RFC: [PATCH] Add __builtin_ia32_stack_top
- From: "H.J. Lu" <hongjiu dot lu at intel dot com>
- To: gcc-patches at gcc dot gnu dot org
- Cc: Uros Bizjak <ubizjak at gmail dot com>
- Date: Tue, 21 Jul 2015 14:45:39 -0700
- Subject: RFC: [PATCH] Add __builtin_ia32_stack_top
- Authentication-results: sourceware.org; auth=none
- Reply-to: "H.J. Lu" <hjl dot tools at gmail dot com>
When __builtin_frame_address is used to retrieve the address of the
function stack frame, the frame pointer is always kept, which wastes one
register and 2 instructions. For x86-32, one less register means
significant negative impact on performance. This patch adds a new
builtin function, __builtin_ia32_stack_top, to x86 backend. It
returns the stack address when the function is called.
Any comments, feedbacks?
Thanks.
H.J.
---
gcc/
PR target/66960
* config/i386/i386.c (ix86_expand_prologue): Sorry if DRAP is
used and the stack address has been taken.
(ix86_builtins): Add IX86_BUILTIN_STACK_TOP.
(ix86_init_mmx_sse_builtins): Add __builtin_ia32_stack_top.
(ix86_expand_builtin): Handle IX86_BUILTIN_STACK_TOP.
* config/i386/i386.h (machine_function): Add stack_top_taken.

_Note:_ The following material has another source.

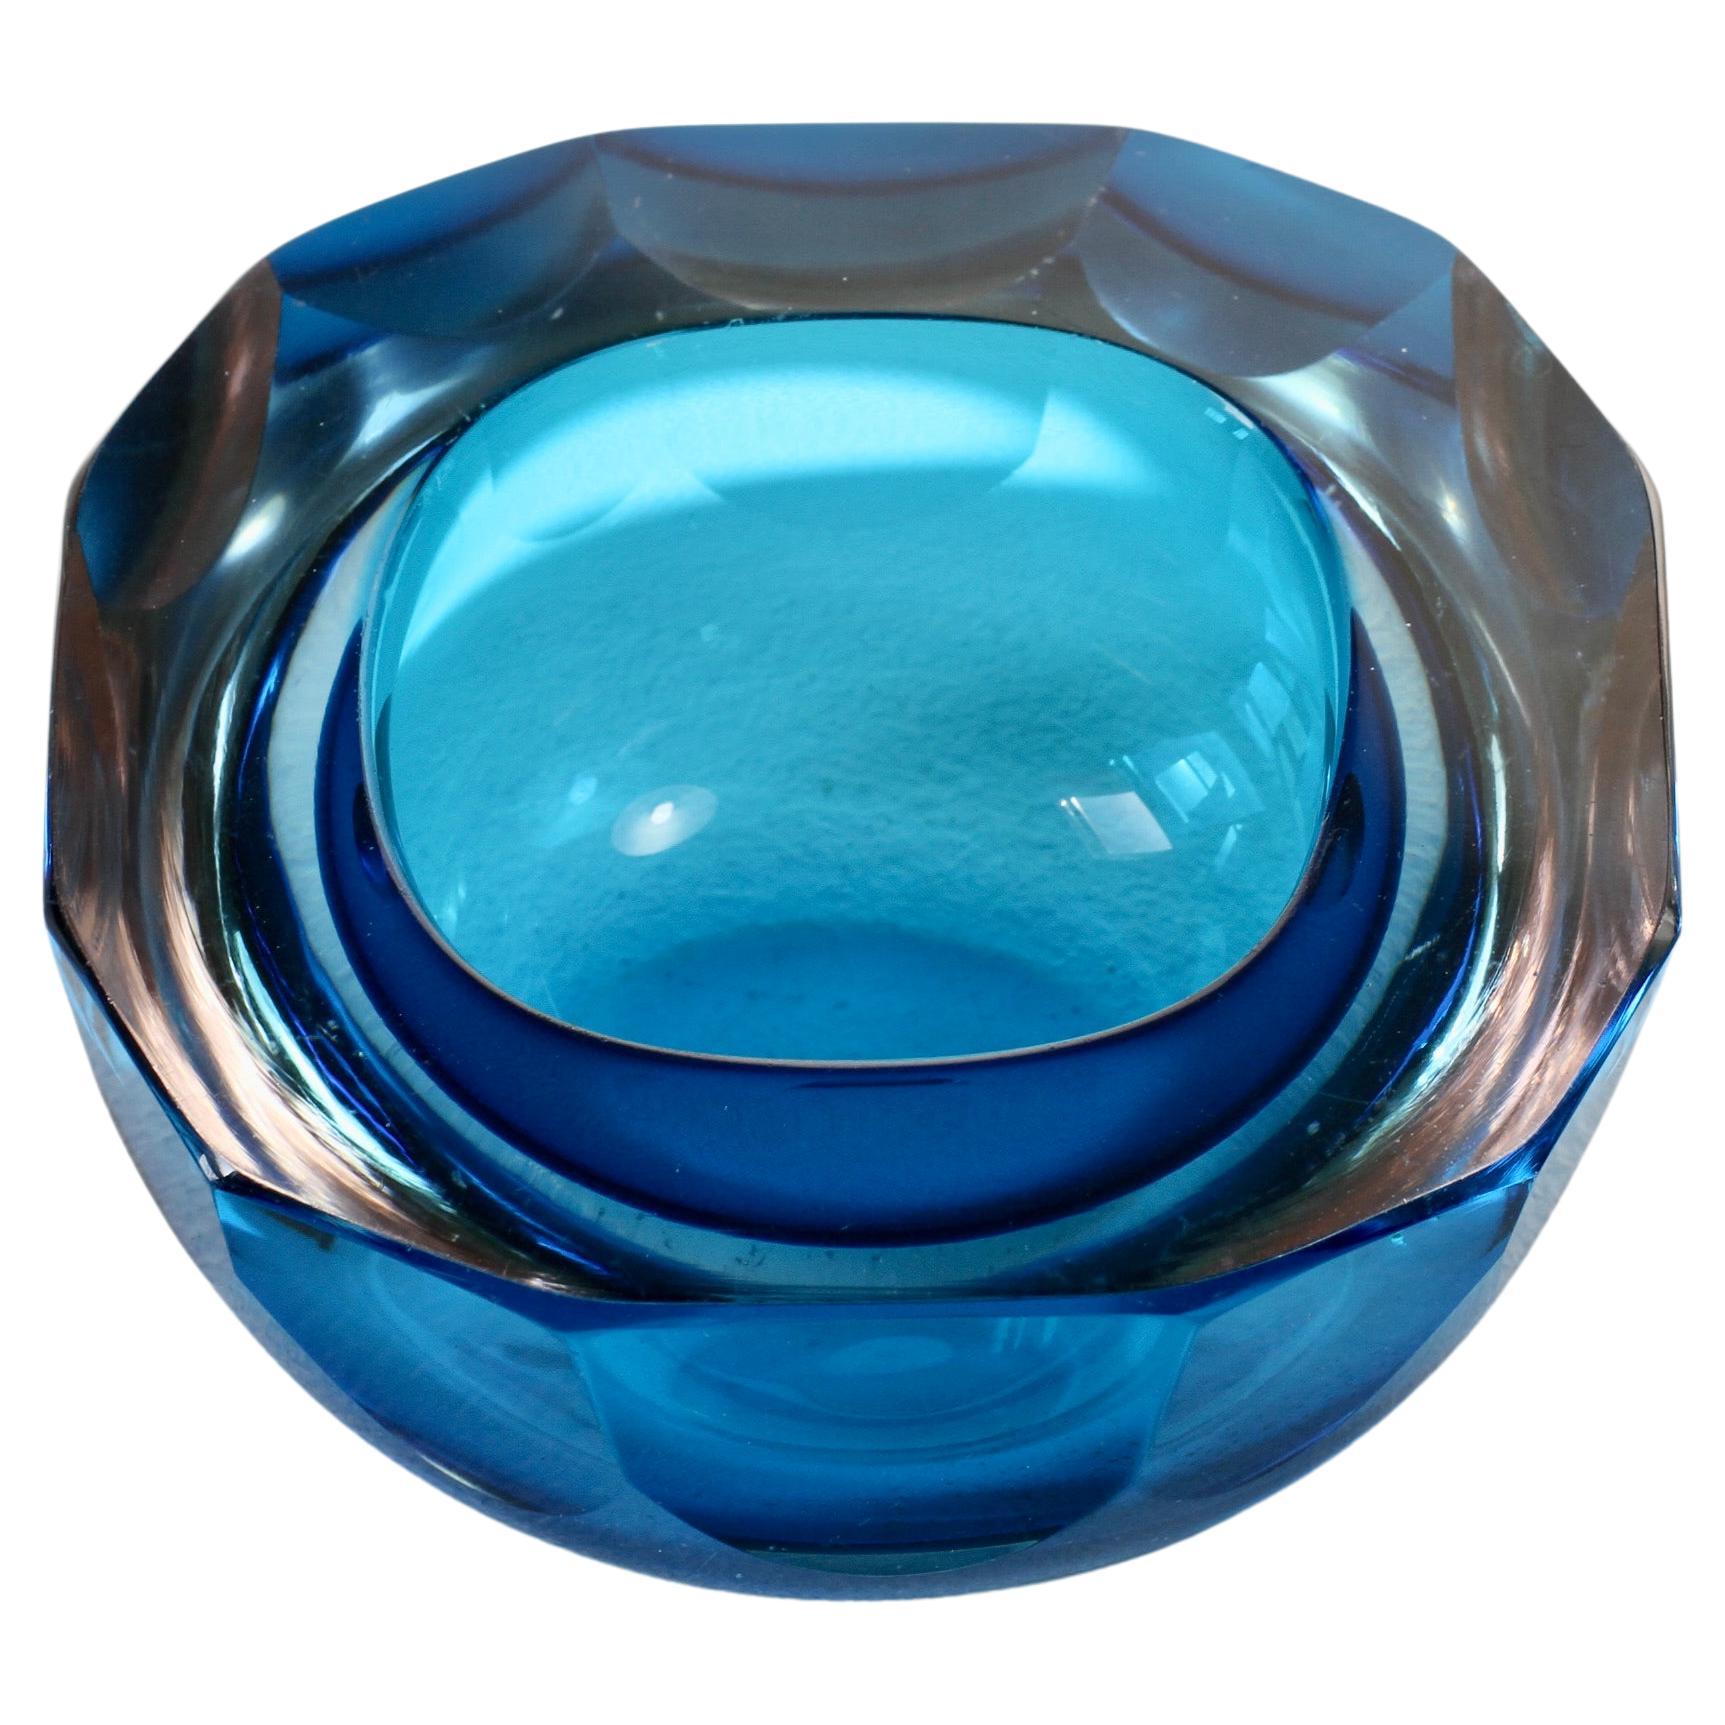 Faceted Blue Murano Midcentury Modern 1960s Sommerso Diamond Cut Glass Bowl
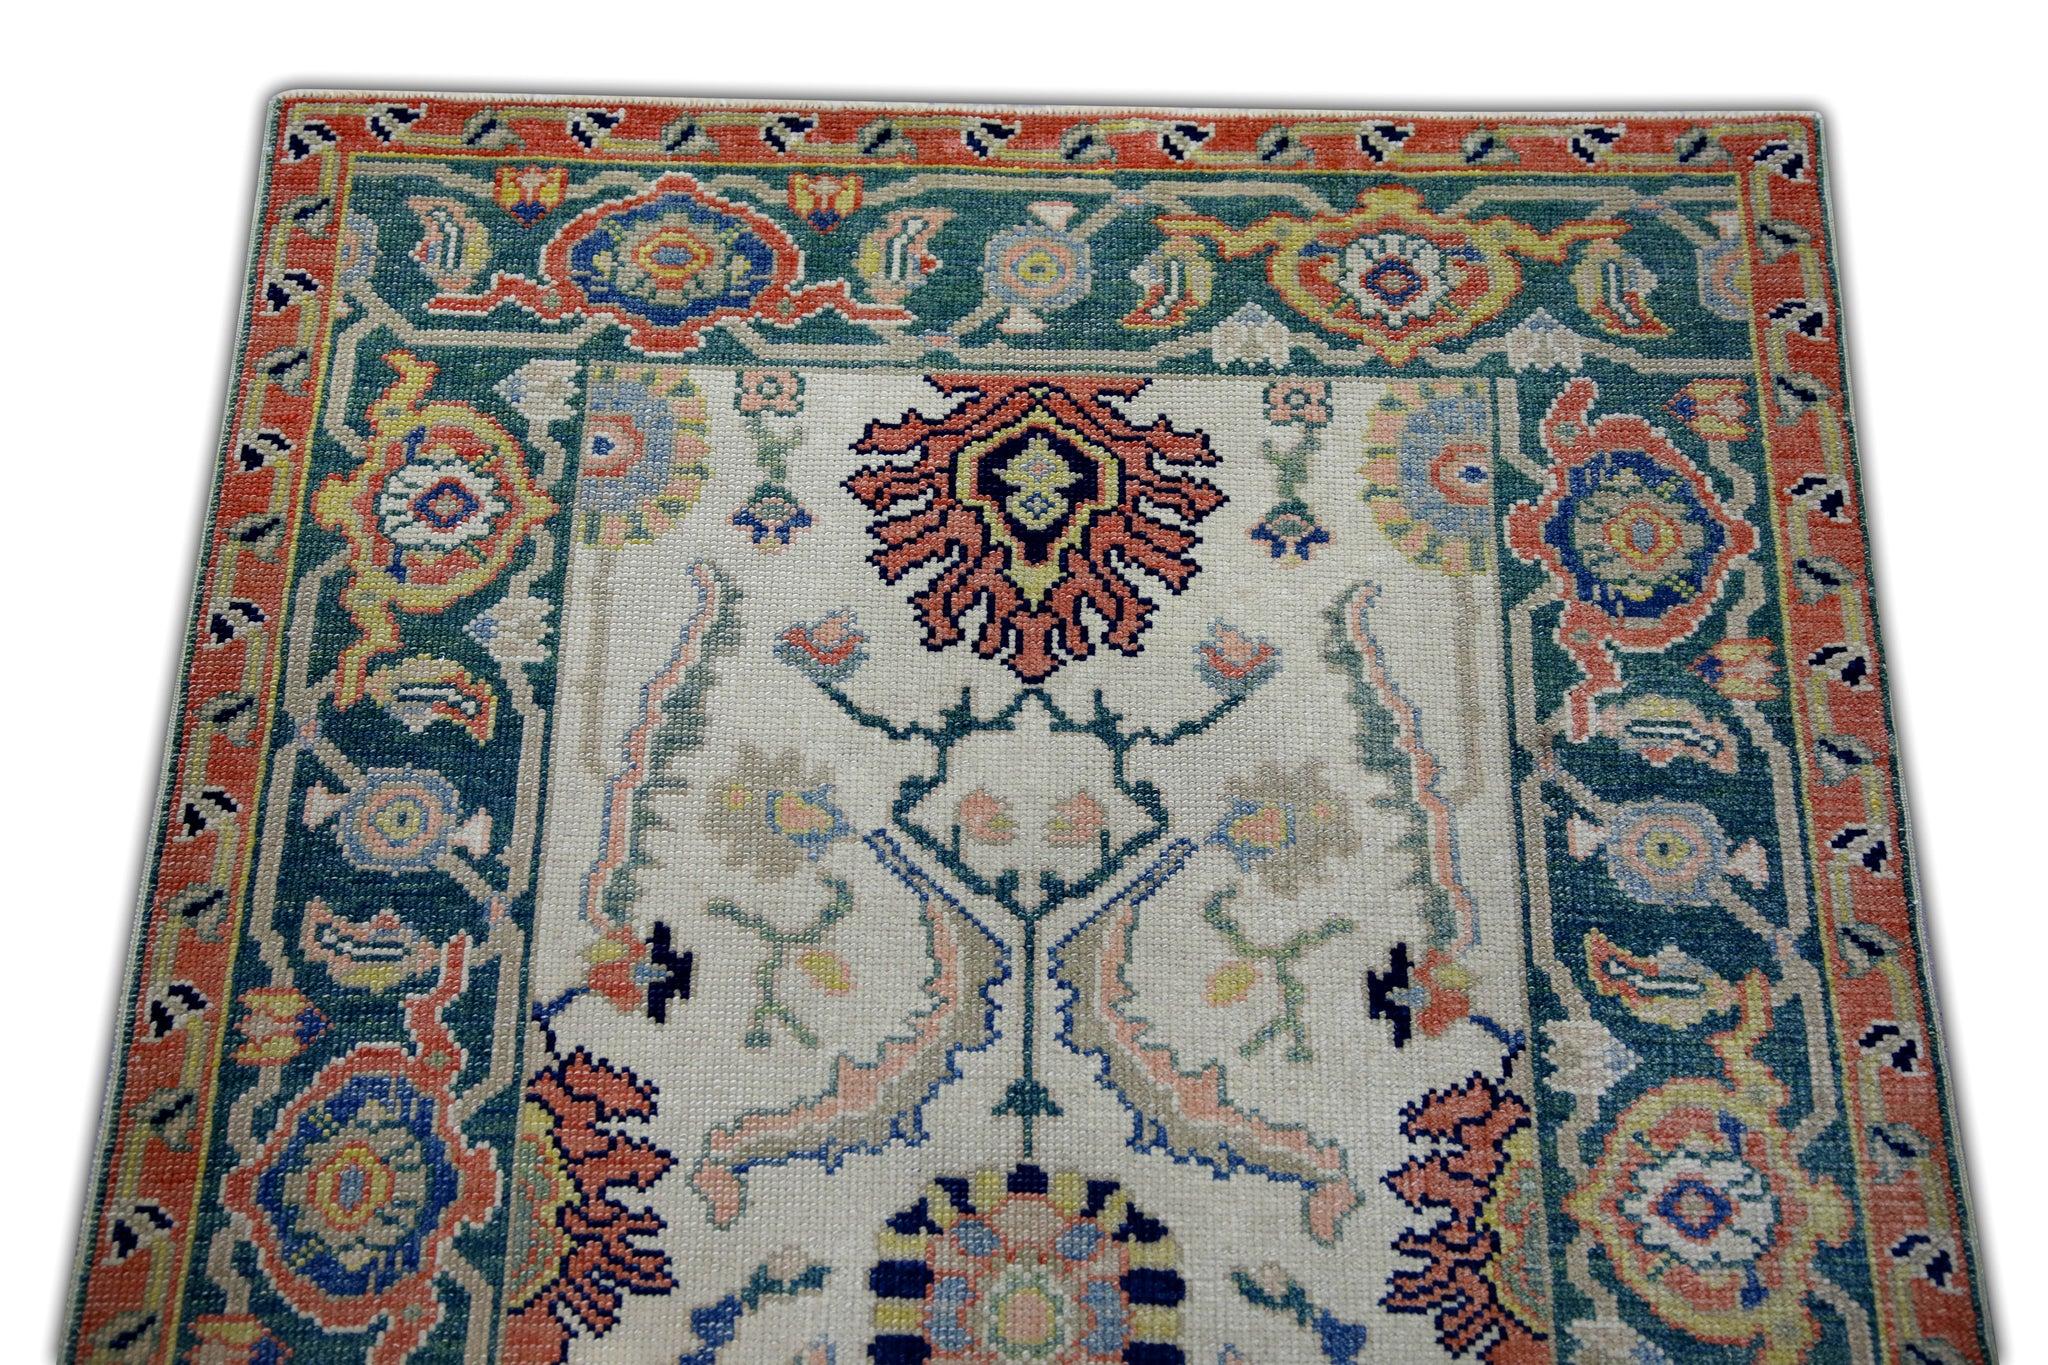 Floral Wool Turkish Finewoven Oushak Rug in Red, Cream, and Green 2'7

* doc/extend.texi: Document __builtin_ia32_stack_top.
gcc/testsuite/
PR target/66960
* gcc.target/i386/pr66960-1.c: New test.
* gcc.target/i386/pr66960-2.c: Likewise.
* gcc.target/i386/pr66960-3.c: Likewise.
* gcc.target/i386/pr66960-4.c: Likewise.
---
gcc/config/i386/i386.c | 28 ++++++++++++++++++++++++++
gcc/config/i386/i386.h | 4 ++++
gcc/doc/extend.texi | 3 +++
gcc/testsuite/gcc.target/i386/pr66960-1.c | 33 +++++++++++++++++++++++++++++++
gcc/testsuite/gcc.target/i386/pr66960-2.c | 33 +++++++++++++++++++++++++++++++
gcc/testsuite/gcc.target/i386/pr66960-3.c | 17 ++++++++++++++++
gcc/testsuite/gcc.target/i386/pr66960-4.c | 21 ++++++++++++++++++++
7 files changed, 139 insertions(+)
create mode 100644 gcc/testsuite/gcc.target/i386/pr66960-1.c
create mode 100644 gcc/testsuite/gcc.target/i386/pr66960-2.c
create mode 100644 gcc/testsuite/gcc.target/i386/pr66960-3.c
create mode 100644 gcc/testsuite/gcc.target/i386/pr66960-4.c
diff --git a/gcc/config/i386/i386.c b/gcc/config/i386/i386.c
index 8b9baf8..a252473 100644
--- a/gcc/config/i386/i386.c
+++ b/gcc/config/i386/i386.c
@@ -11613,6 +11613,12 @@ ix86_expand_prologue (void)
{
int align_bytes = crtl->stack_alignment_needed / BITS_PER_UNIT;
+ /* Can't use DRAP if the stack address has been taken. */
+ if (cfun->machine->stack_top_taken)
+ sorry ("%<__builtin_ia32_stack_top%> not supported with stack"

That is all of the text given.